We have the following equations:
P = k₁ * √Q * 1/R²
P₀ = k₁ * √Q₀ * 1/R₀², where k₁ is a constant of proportionality
If Q is increased by 44%, the new value of Q is Q = 1.44Q₀.
If R is decreased by 28%, the new value of R is R = 0.72R₀.
We want to find the percentage change in P, which we can calculate using:
Percentage change = (P - P₀) / P₀ * 100
Substituting the new values of Q and R into the equation for P, we get:
P = k₁ * √(1.44Q₀) * 1/(0.72R₀) = 1.44 * (k₁ * √Q₀ * 1/R₀²)
P₀ = k₁ * √Q₀ * 1/R₀²
Calculating the new value of P and using the percentage change formula, we have:
Percentage change = (1.44 * (k₁ * √Q₀ * 1/R₀²) - k₁ * √Q₀ * 1/R₀²) / (k₁ * √Q₀ * 1/R₀²) * 100
Percentage change = (1.44 - 1) / 1 * 100
Percentage change = 0.44 * 100
Percentage change = 44%
Therefore, the percentage change in P is 44%.

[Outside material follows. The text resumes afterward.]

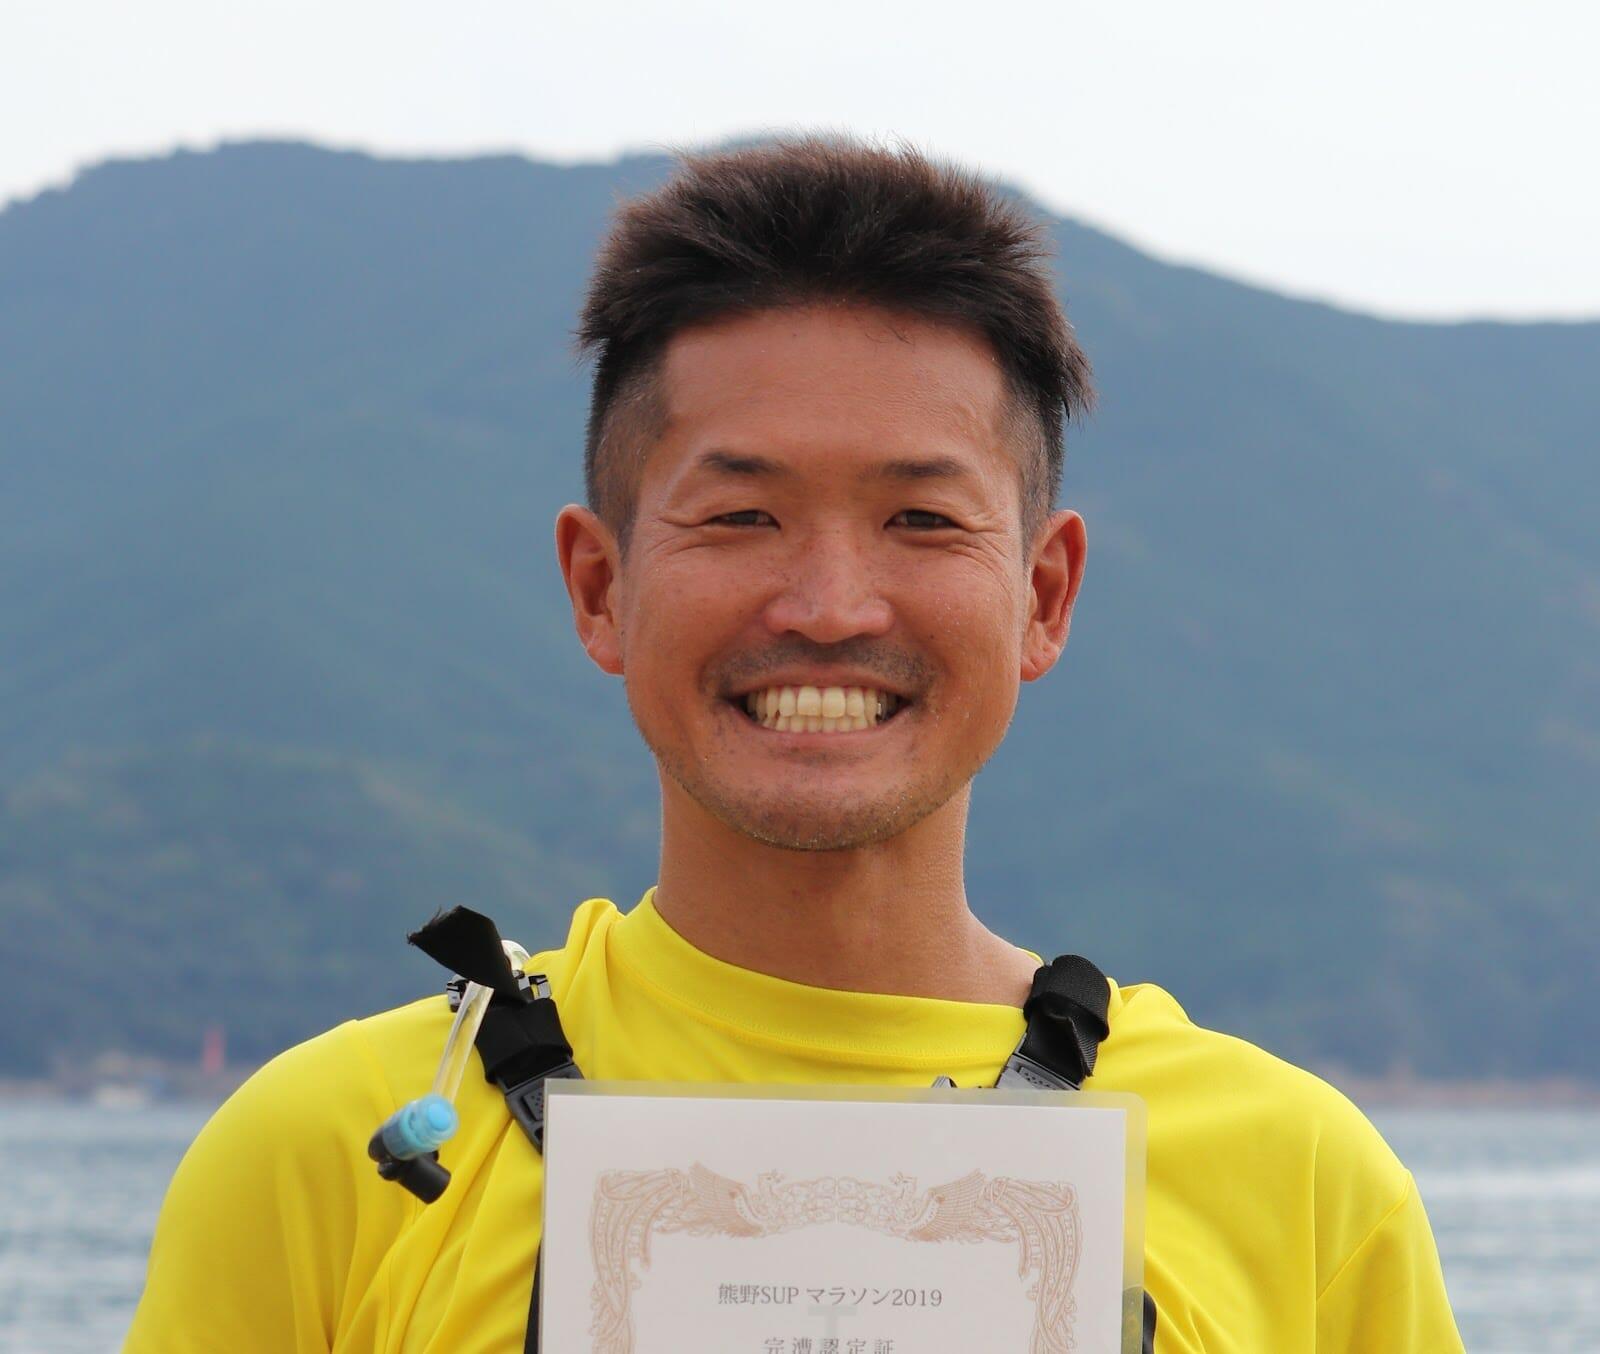 Ryuhei Tominaga

4) Let's denote the value of m when t = 2mm as m₀.
We have the following equations:
m = c₁ + c₂ * t²
m₀ = c₁ + c₂ * (2)² = c₁ + 4c₂ = 40
When t = 4mm,
m = c₁ + c₂ * (4)² = c₁ + 16c₂ = 100
Subtracting the equation for m₀ from the equation for m when t = 4mm, we get:
c₁ + 16c₂ - (c₁ + 4c₂) = 100 - 40
12c₂ = 60
c₂ = 5
Substituting c₂ = 5 into the equation for m₀, we have:
c₁ + 4(5) = 40
c₁ + 20 = 40
c₁ = 20
Therefore, when t = 7mm, the value of m is:
m = c₁ + c₂ * (7)² = 20 + 5 * 49 = 20 + 245 = 265g
So, when t = 7mm, the value of m is 265g.

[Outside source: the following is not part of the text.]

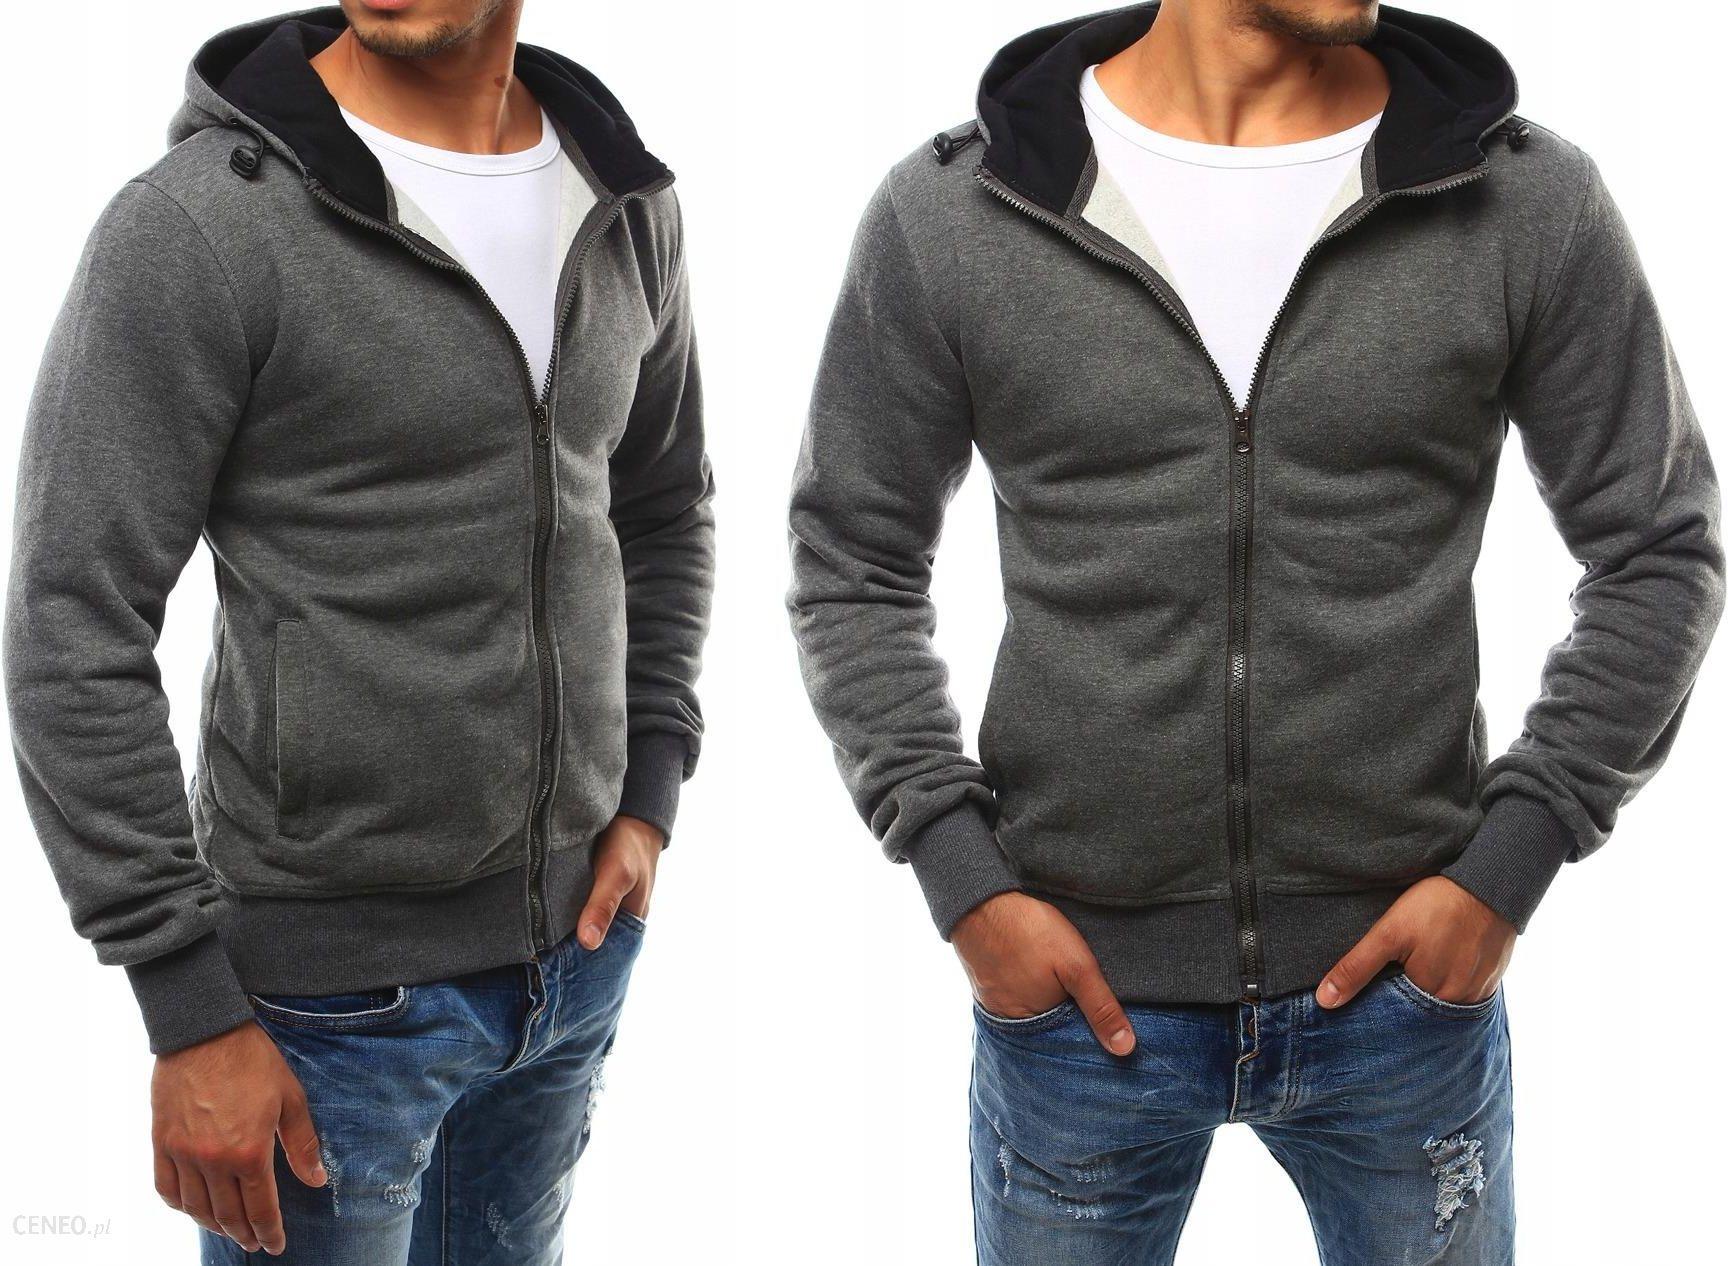 Bluza rozpinana ADIDAS SKATEBOARDING z kapturem XL Zdjęcie

5) To make n the subject of the formula m = 3^√(ax - n) / (w - n), we can follow these steps:
Multiply both sides of the equation by (w - n):
m * (w - n) = 3^√(ax - n)
Take the logarithm (base 3) of both sides of the equation:
log₃(m * (w - n)) = √(ax - n)
Square both sides of the equation:
[log₃(m * (w - n))]² = ax - n
Rearrange the equation to isolate n:
n = ax - [log₃(m * (w - n))]²
Therefore, n is the subject of the formula n = ax - [log₃(m * (w - n))]².